Veri diverbi fra padre e figlia maturavano solo in seguito a sguardi infuocati legati al fatto che la famiglia di Marina era molto religiosa e non tollerava le intemperanze e la strafottenza della figlia, concernenti soprattutto l'ipotesi che la ragazza potesse avere rapporti prima del matrimonio. In casa Tresoldi l'illibatezza era una considerata una regola incommensurabile. Mamma e papà avevano fatto di tutto per crescere la propria figlia con l'idea che la sua verginità fosse un dono straordinario, destinato unicamente all'uomo della vita, un uomo che la meritasse veramente e le donasse tutto se stesso, come insegnava il cristianesimo, ma s'erano presto resi conto che le loro prediche non dovevano essere servite a granché. Il padre, in particolare, era ossessionato dal pensiero che la carne della sua stessa carne potesse concedersi per puro piacere al primo che passava per strada. Questa agonia la coltivava fin dal giorno in cui Marina aveva pronunciato per la prima volta la parola “mamma”. Una volta aveva trovato la figlia in mutande che giochicchiava con un cuginetto, toccandosi punti considerati rigorosamente off-limits. Aveva cinque o sei anni. Per giorni era andato avanti a rimuginare sulla faccenda, temendo di avere una figlia perversa. E a poco erano serviti i ragguagli della moglie che, avendo sfogliato un libro di pediatria, sapeva che quelli erano comportamenti dell'infanzia perfettamente normali, riscontrabili quasi sempre nell'ambito di un sano sviluppo fisico e cognitivo. Una volta cresciuta, però, l'idea che potesse commettere atti impuri s'era insediata con ancora più vigore nella sua mente coercitiva. Più volte s'era perfino introdotto clandestinamente nella sua camera per trovare tracce di rapporti completi, cosa che gli avrebbe provocato come minimo una sincope.
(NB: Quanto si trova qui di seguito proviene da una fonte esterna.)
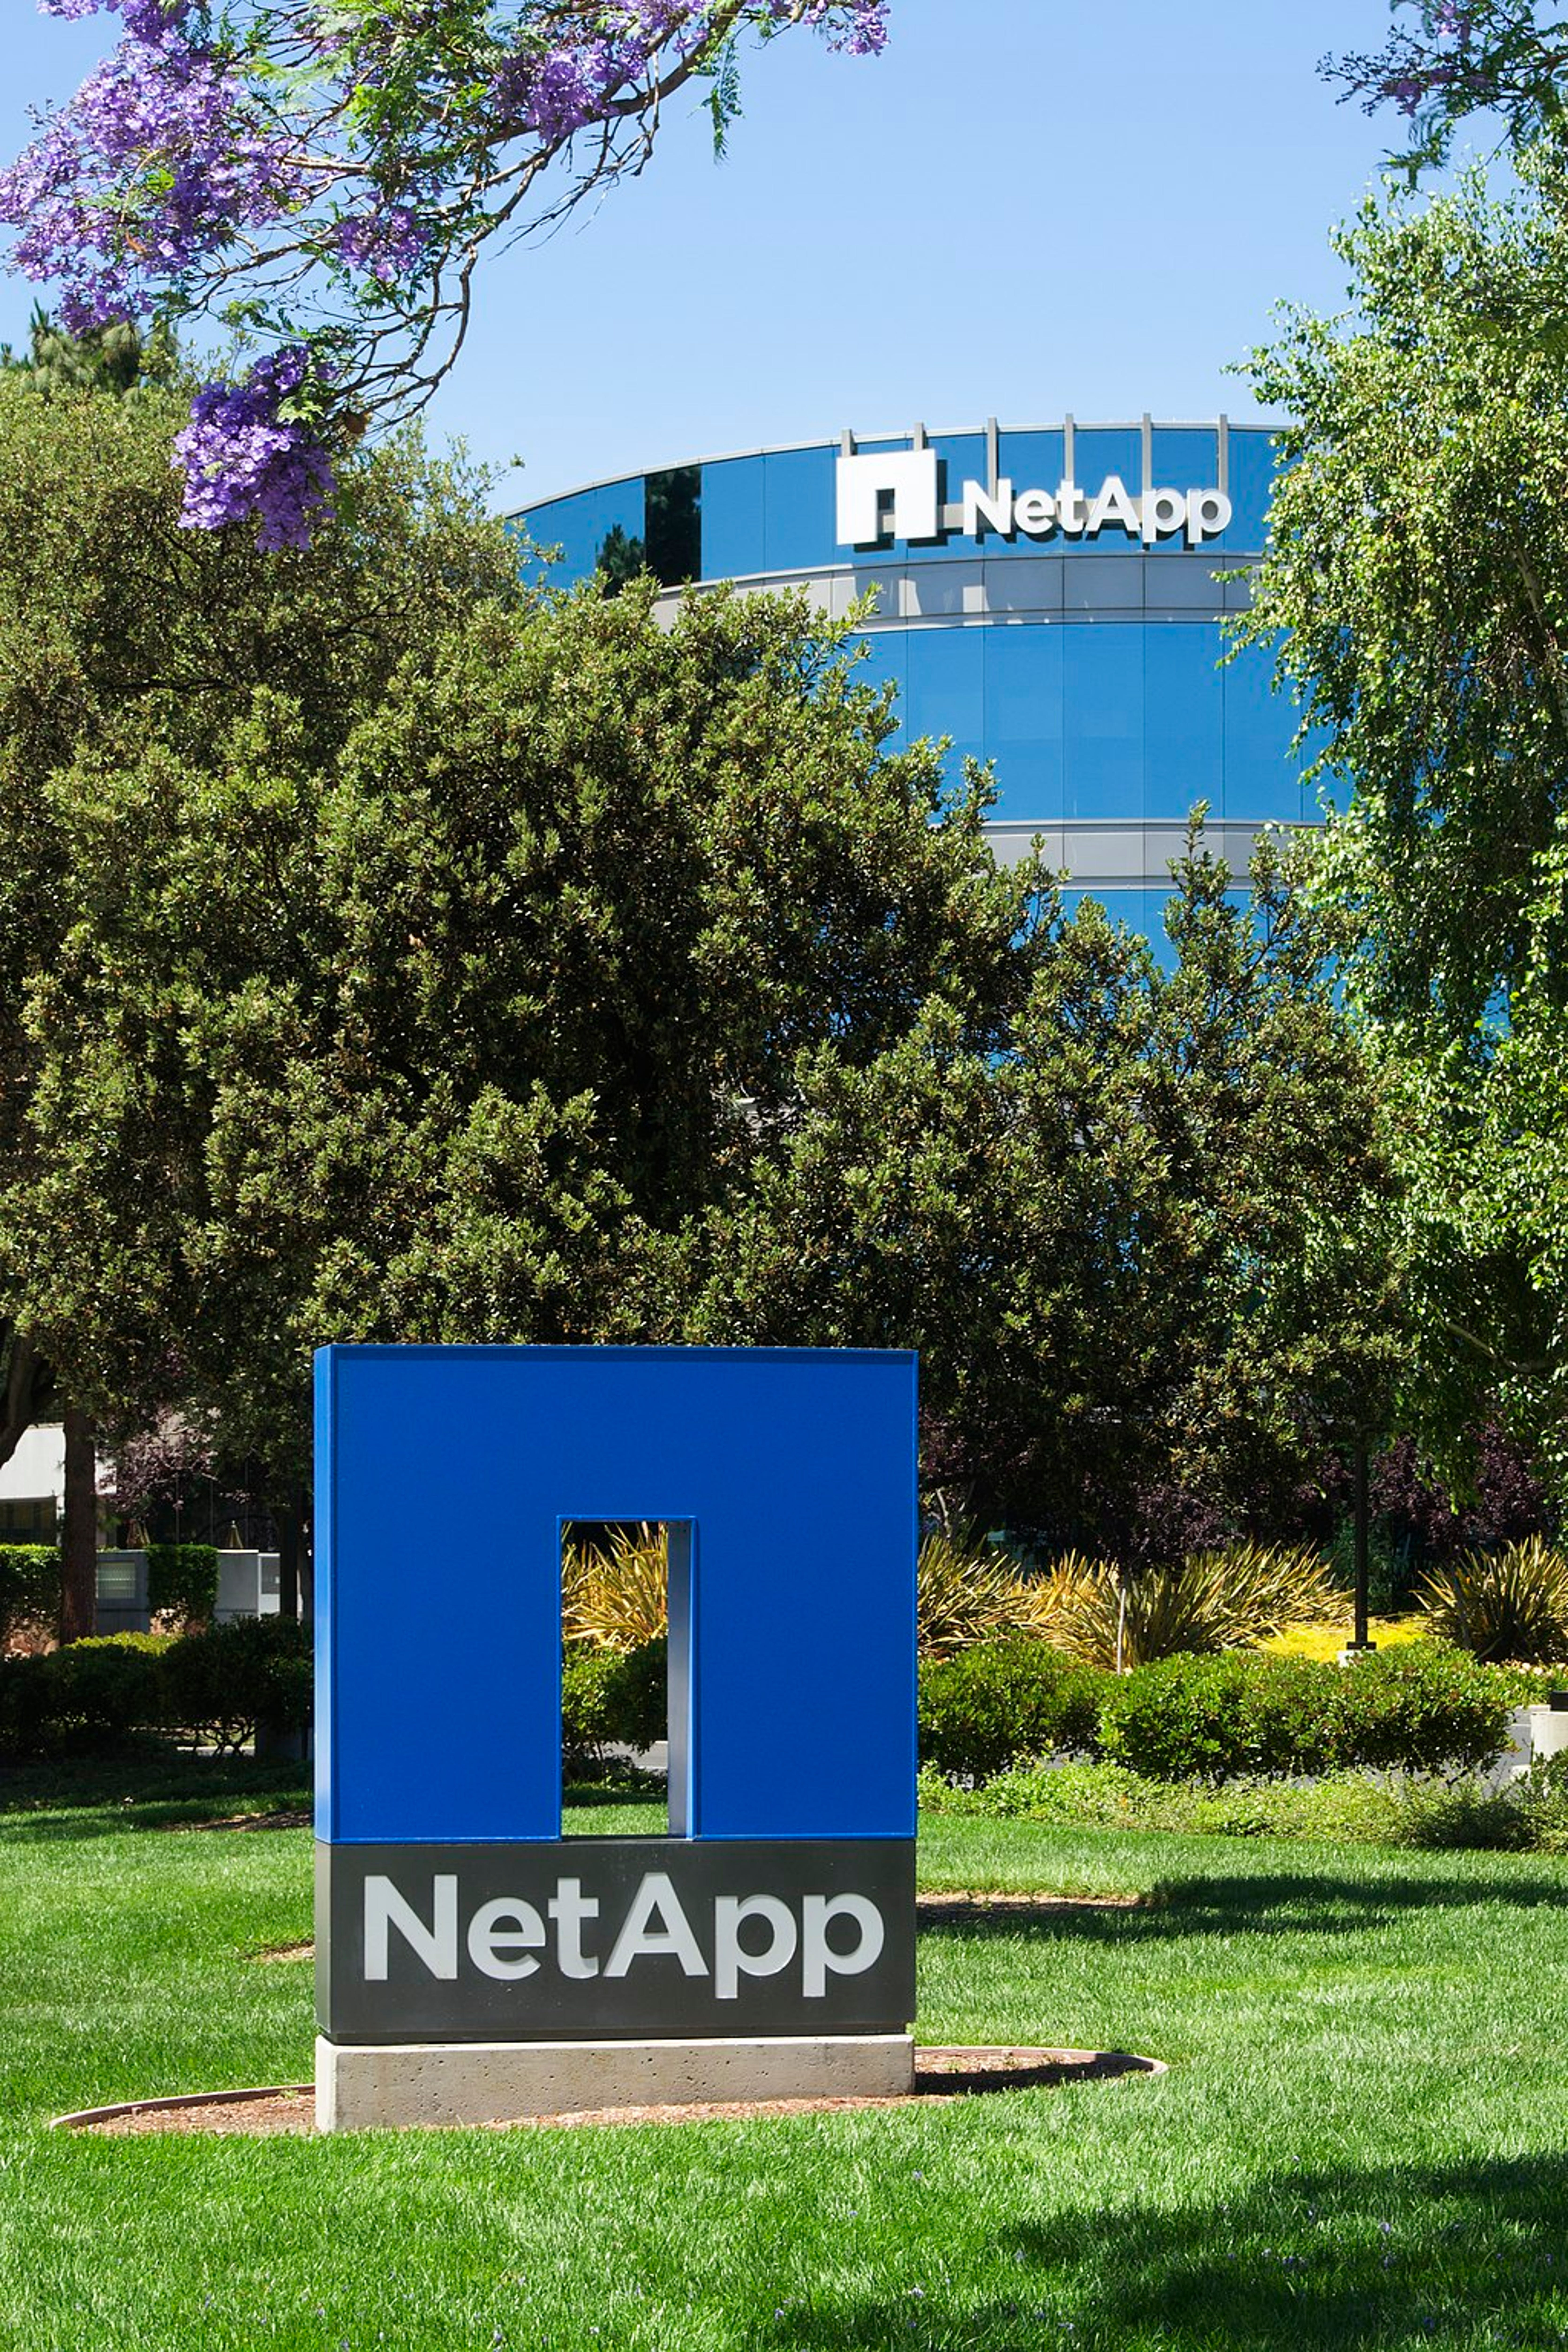 NetApp Q1 Performance Beats Expectations, Issues Upbeat Q2 Outlook

Sicché l'unica persona con cui la ragazza andava d'accordo - se non altro per un fugace e scontato saluto - era la nonna Gianna che viveva da sola in una casetta per andare a Burago e che vedeva sì e no un paio di volte la settimana. Andava lei stessa a trovarla in bicicletta, qualche volta a piedi, affrontando senza remore la lunga lingua di asfalto che divide Omate dai confini di Vimercate, costeggiante gli alberi secolari del parco Trivulzio. Insieme bevevano il tè o chiacchieravano delle cose di tutti i giorni. La nonna le chiedeva come andava a scuola e se aveva ancora intenzione di andare avanti con la ginnastica artistica, sapendo che dai diciotto anni su, non valeva più la pena spendere energie per questo sport in cui l'apice agonistico, sopraggiunge intorno ai 15 anni. Raramente parlavano dei genitori; ma spesso Marina le chiedeva del nonno che non aveva mai conosciuto.
«Credi che mi avrebbe voluto bene?».
«Sicuramente. Non dovresti nemmeno chiedermelo».
«Mi sarebbe piaciuto parlare con lui. Non è facile parlare con gli adulti».
«Se n'è andato pochi mesi prima che arrivassi tu».
«Dici che avremmo avuto un bel rapporto?».
«Ti dico solo che il suo ultimo desiderio era quello di poterti prendere in braccio. Avrebbe pagato per vedere la sua nipotina».
«Veramente?».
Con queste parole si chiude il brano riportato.